Fetching All Objects
If we don't set a predicate on our fetch request, we'll retrieve all objects for the given Entity. If we did that for the StopTimes
entity, we'll be pulling in three million objects. That would be slow, and use up a lot of memory. Sometimes, however, we need to get all objects. The common example is that we want to show all objects inside a table view.
What we would do in this case, is to set a batch size:
request.fetchBatchSize = 50;
When we run -[NSManagedObjectContext executeFetchRequest:error:]
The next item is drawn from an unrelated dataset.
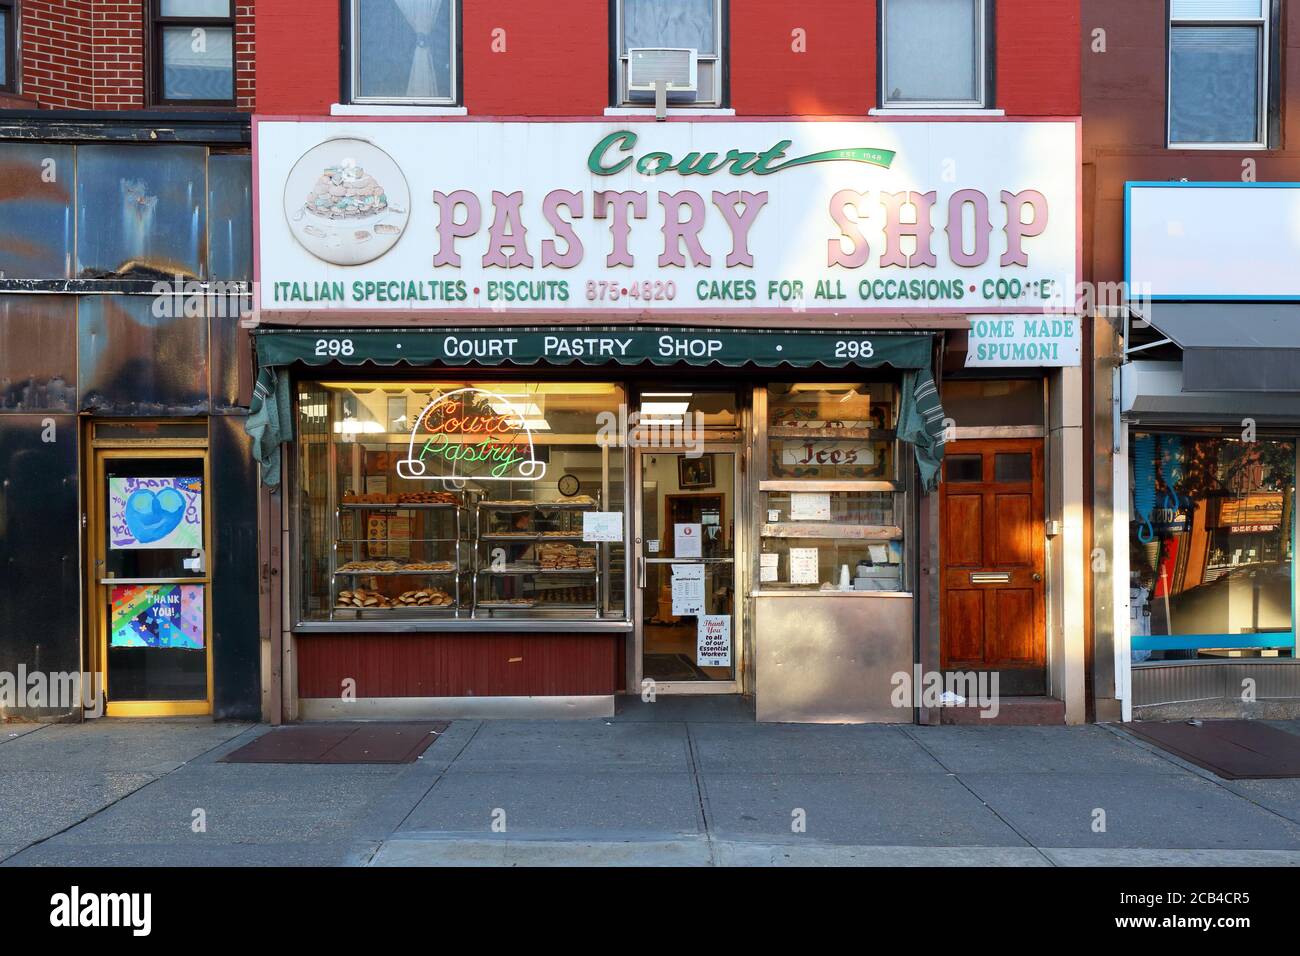 Court Pastry Shop, 298 Court St, Brooklyn, New York. Il negozio esterno di una panetteria italiana americana nel quartiere Carroll Gardens. Foto Stock

with a batch size set, we still get an array back. We can ask it for its count (which will be close to three million for the StopTime
entity), but Core Data will only populate it with objects as we iterate through the array. And Core Data will get rid of objects again, as they're no longer accessed. Simply put, the array has batches of size 50 (in this case). Core Data will pull in 50 objects at a time. Once more than a certain number of these batches are around, Core Data will release the oldest batch. That way you can loop through all objects in such an array, without having to have all three million objects in memory at the same time.
On iOS, when you use an NSFetchedResultsController
and you have a lot of objects, make sure that the fetchBatchSize
is set on your fetch request. You'll have to experiment with what size works well for you. Twice the amount of objects that you'll be displaying at any given point in time is a good starting point.